I share this design because it's very handy, cheap, useful and the parameters are easy to adapt for other uses and ranges.
It might look messy but it's just due to poor planning (that's the 2nd prototype)
This generator is based on a classic 2-PNP circuit:
- R1's value is not critical, it must only be able to supply enough current to turn T1 fully on. The BC559C has a hFE around 500, I want to supply 20mA, so 200µA is more than enough. 10K can provide 1mA (@10V) so it could be increased to almost 50K...
- T1 and T2 should ideally be identical, from the same lot, to reduce drift (T1 would slightly drift anyway if it conducts some significant current)
- the current is set by R3+R4+45. T2 keeps their drop below 0.7V so current I=0.7/(R3+R4+R5) (can this be easier to calculate ?)
For example, when all the pots are down to 0, only R3 remains and it limits the current to 0.7/27=25,9mA (in practice we find 21.6mA because the drop is lower, close to 0.6V)
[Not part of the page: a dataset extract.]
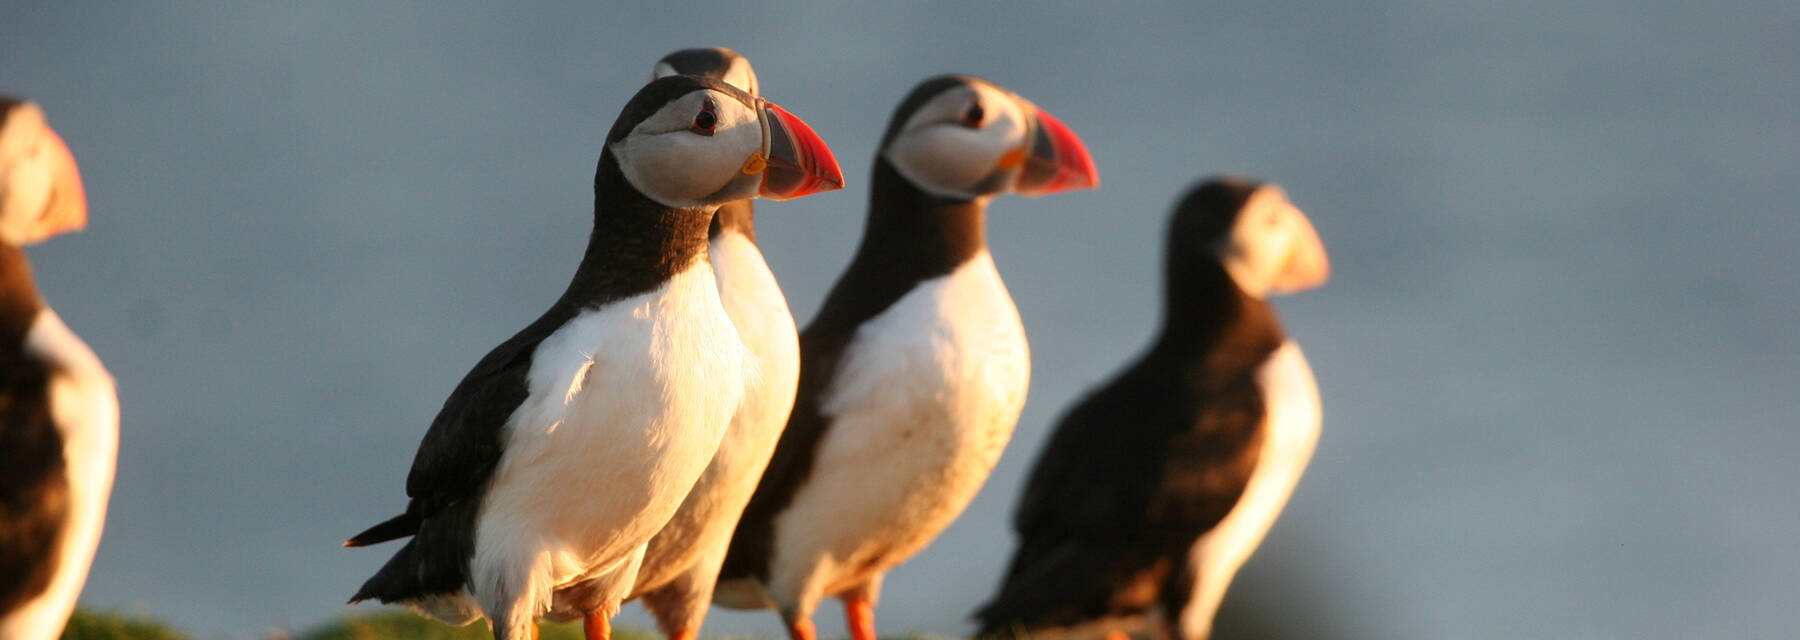 Four puffins stand in a row on top of a cliff.

Conclusion: it's cheap, rather stable and uses very few parts. Another advantage is the low minimal drop: with a 9V battery, the circuit has at least 8V of headroom. Even more headroom is possible if a 2nd battery in series increases the supply voltage to 18V (R1's value would be doubled).
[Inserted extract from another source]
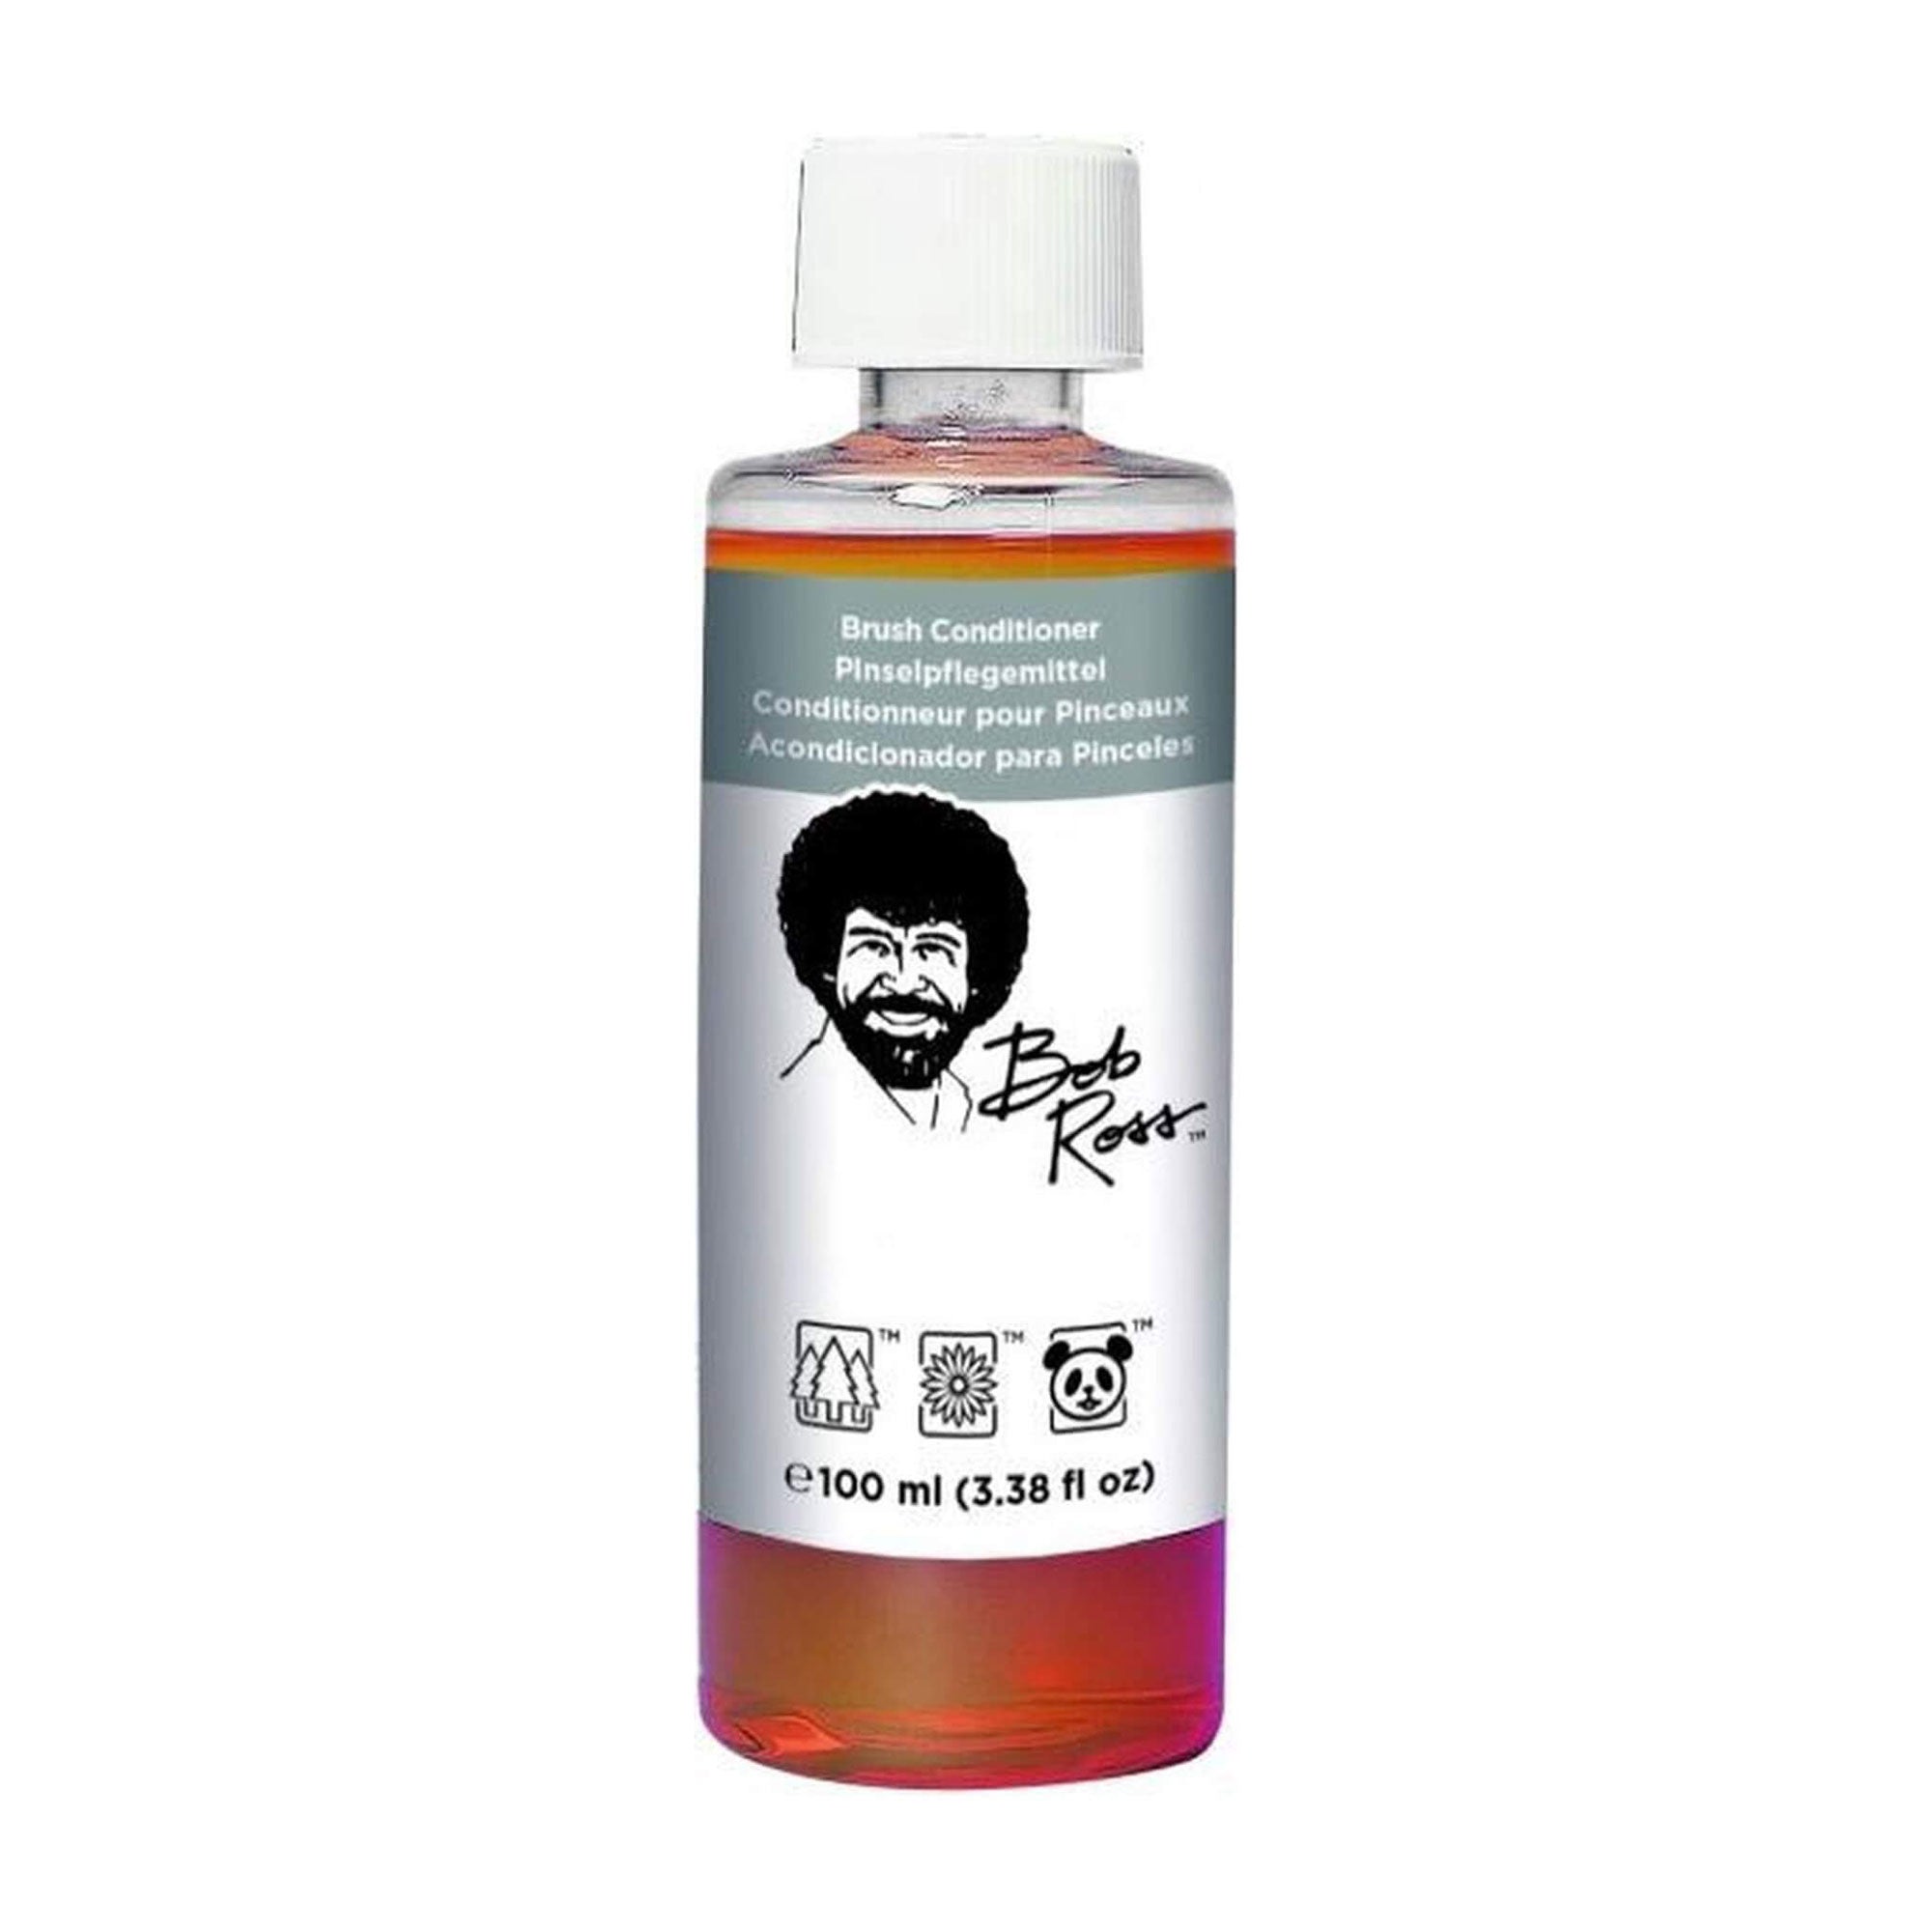 Bob Ross Brush Cleaner and Conditioner - 100ml

The real circuit is shown below :
- A single switch turns the current generator and the ammeter on
- A bypass switch lets us check the settings without having to short the output with a wire
- R3 is decreased to 27 Ohms so the max current is about 21mA
Max current (R4=R5=0) : 21.6mA
Min current with only R4 : 0.3mA
Min current with R5 : 4.7µA
The output current is stable from 0V to 8V
The integrated ammeter is only 4000 points and can't show less than 10µA, an additional ammeter in series with the proper range would be required. However, simulation shows that base currents start to become predominant in the µA range so there is no point in going lower...